The safety and scientific validity of this study is the responsibility of the study sponsor and investigators. Listing a study does not mean it has been evaluated by the U.S. Federal Government. Read our disclaimer for details. Identifier: NCT00050362
Recruitment Status : Completed
First Posted : December 5, 2002
Last Update Posted : March 4, 2008
Information provided by:
National Institutes of Health Clinical Center (CC)

Brief Summary:

This study will evaluate the ability of the drugs rofecoxib and bupivacaine to prevent pain following third molar (wisdom tooth) extraction. Rofecoxib is approved to treat pain of arthritis and menstrual cramps. Bupivacaine is a local anesthetic similar to lidocaine, but longer acting.

Healthy normal volunteers between 16 and 35 years of age who are in general good health and require extraction of their two lower wisdom teeth may be eligible for this study.

Participants will have their two lower wisdom teeth extracted, and a biopsy (removal of a small piece of tissue) will be taken from the inside of the cheek around the area behind one of the extraction sites. Ninety minutes before surgery, patients will take a dose of either rofecoxib, or a placebo (a pill with no active ingredient) by mouth. Just before surgery, they will receive an injection of either lidocaine or bupivacaine to numb the mouth and a sedative called midazolam (Versed® (Registered Trademark)) through an arm vein to cause drowsiness. After surgery, a small piece of tubing will be placed into one of the two extraction sites. Samples will be collected from the tubing to measure chemicals involved in pain and inflammation.

Patients will remain in the clinic for up to 4 hours after surgery to monitor pain and drug side effects while the anesthetic wears off. During this time, they will complete pain questionnaires every 20 minutes. (Patients whose pain is unrelieved an hour after surgery may request and receive acetaminophen (Tylenol) and codeine.) The tubing then will be removed and they will be discharged with pain medicines (Tylenol, codeine and the study drug) and forms to record pain ratings. They will be given detailed instructions on how and when to take the medicines and how to record information in the pain diary.

Patients will return to the clinic 48 hours after surgery with the pain diary and pain relievers. At this visit, another biopsy will be taken under local anesthetic (lidocaine).

Condition or disease Intervention/treatment Phase
Pain Tooth Extraction Drug: Rofecoxib and Bupivacaine Phase 2

Detailed Description:

Central sensitization refers to persistent post-injury changes in the central nervous system resulting in greater pain sensitivity. The concept of preemptive analgesia is defined as a treatment that prevents establishment of central sensitization by providing analgesic coverage during the perioperative period of surgery. Previous acute pain studies using the oral surgery model have shown that suppression of postoperative pain, not intra-operative nociceptive barrage, diminishes the development of sensitization at 24 to 48 hours post-surgery. During the intermediate postoperative period, the nociceptive input from both surgical insult and inflammation leads to central sensitization, yet their relative contributions have not been clearly evaluated. The proposed study is designed to evaluate the relative impact of surgical insult and the subsequent inflammation on postoperative pain. The relative contribution of each of these nociceptive processes provides a basis for postoperative pain management and the development of preemptive strategies.

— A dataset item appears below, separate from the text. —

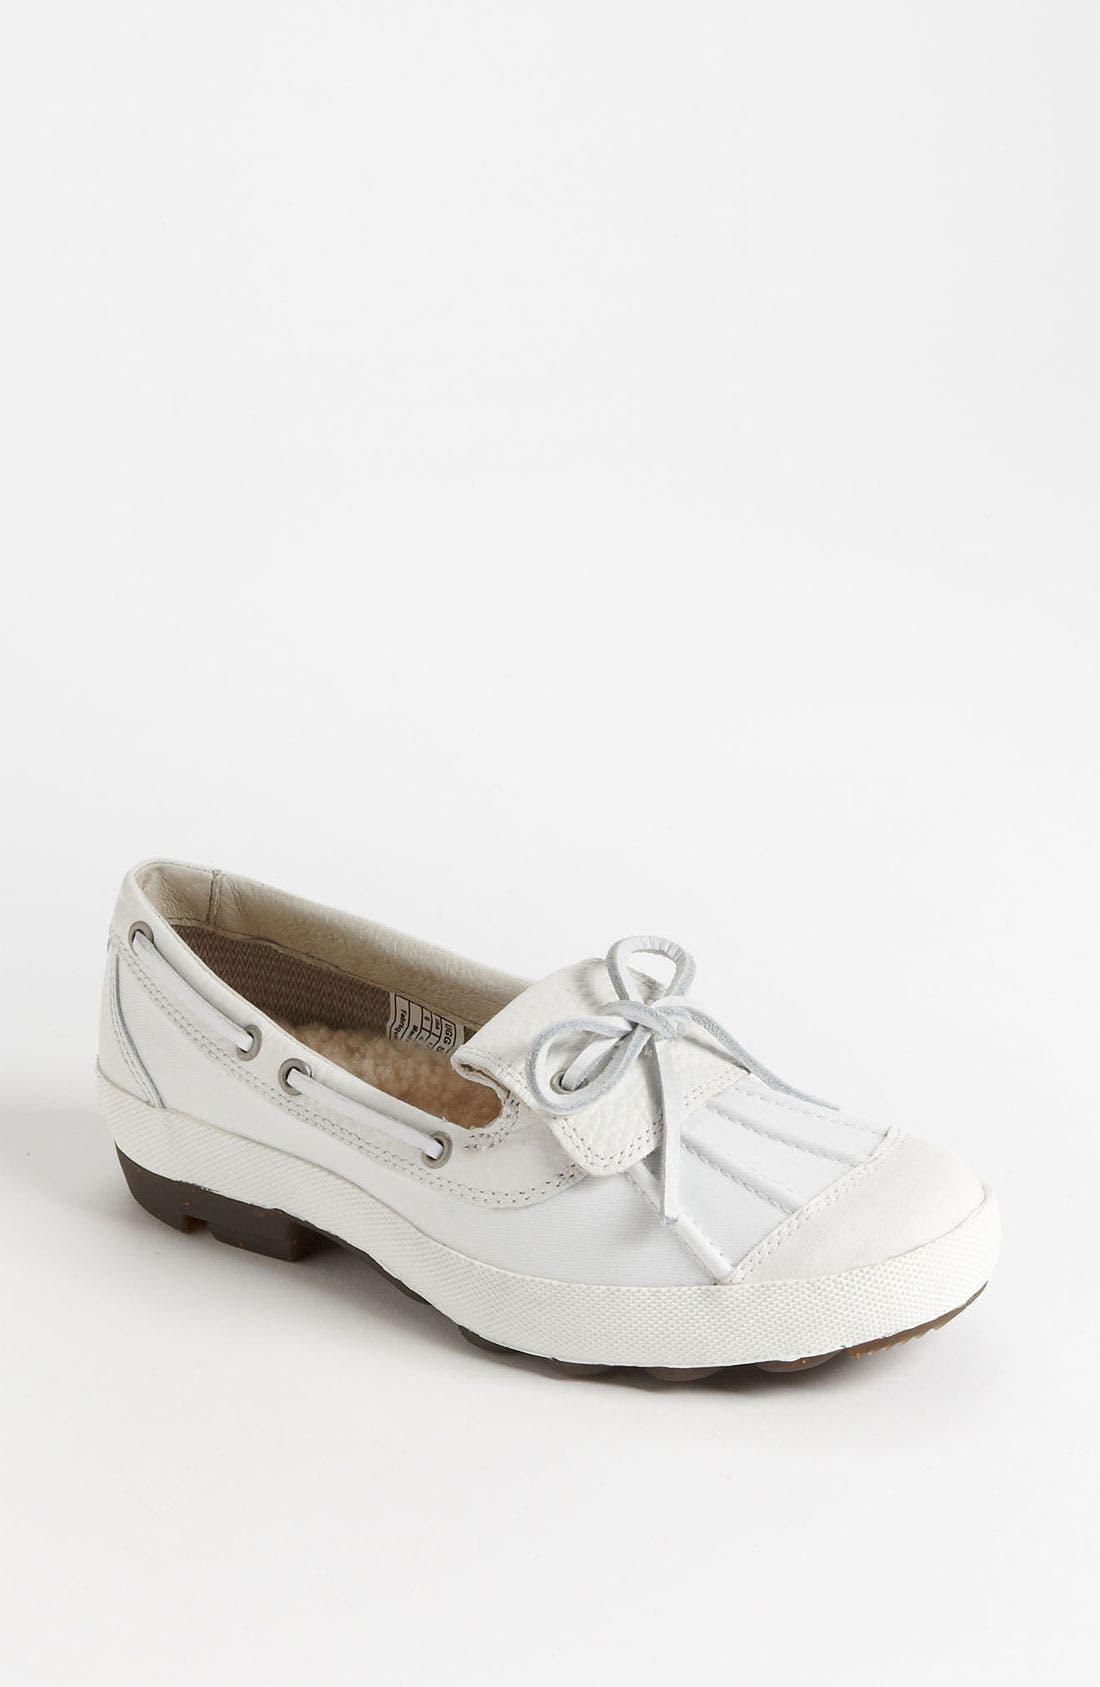 Main Image - UGG® Australia 'Ashdale' Duck Shoe (Women)

All subjects (N = 136) will be healthy volunteers scheduled for third molar extractions. Using a double-blinded, randomized, parallel study design, subjects will be randomized into four groups. All patients will receive local anesthesia injections preoperatively (either 2% lidocaine or 0.5% bupivacaine) to manage surgical pain in conjunction with a preemptive medication (either 50 mg of rofecoxib or placebo) to control postoperative inflammation. The first dose of preemptive medication will be taken by mouth 90 minutes prior to conscious sedation and extractions, and later self-administered once a day for the next 48 hours. The analgesic effect of the drugs will be assessed in the clinic every 20 minutes for the first four hours after extractions, and then self-assessed at 24, and 48 hours after surgery using two pain intensity assessment instruments: category scale and visual analog scale (VAS). Microdialysis will be performed with sample collection concurrent with pain report over the immediate postoperative period of four hours. Two biopsies will be performed: preoperatively, and postoperatively at 48 hours. The combination regimen with bupivacaine and rofecoxib is predicted to maximally suppress the onset and intensity of postoperative dental pain to a greater extent than all other groups through a blockade of the nociceptive input from both surgery and inflammation. It is hypothesized that this preemptive treatment will maximally inhibit the development of central sensitization following tissue injury which manifests as hyperalgesia at later time points. It is also hypothesized that the administration of rofecoxib (a cyclooxygenase-2 selective anti-inflammatory medication) will reduce post-surgical pain experienced at later time points to a greater extent than suppression of the intra-operative nociceptive barrage alone (by bupivacaine), suggesting that suppression of inflammation plays a more pivotal role than attenuating nociception due to tissue injury in diminishing central sensitization.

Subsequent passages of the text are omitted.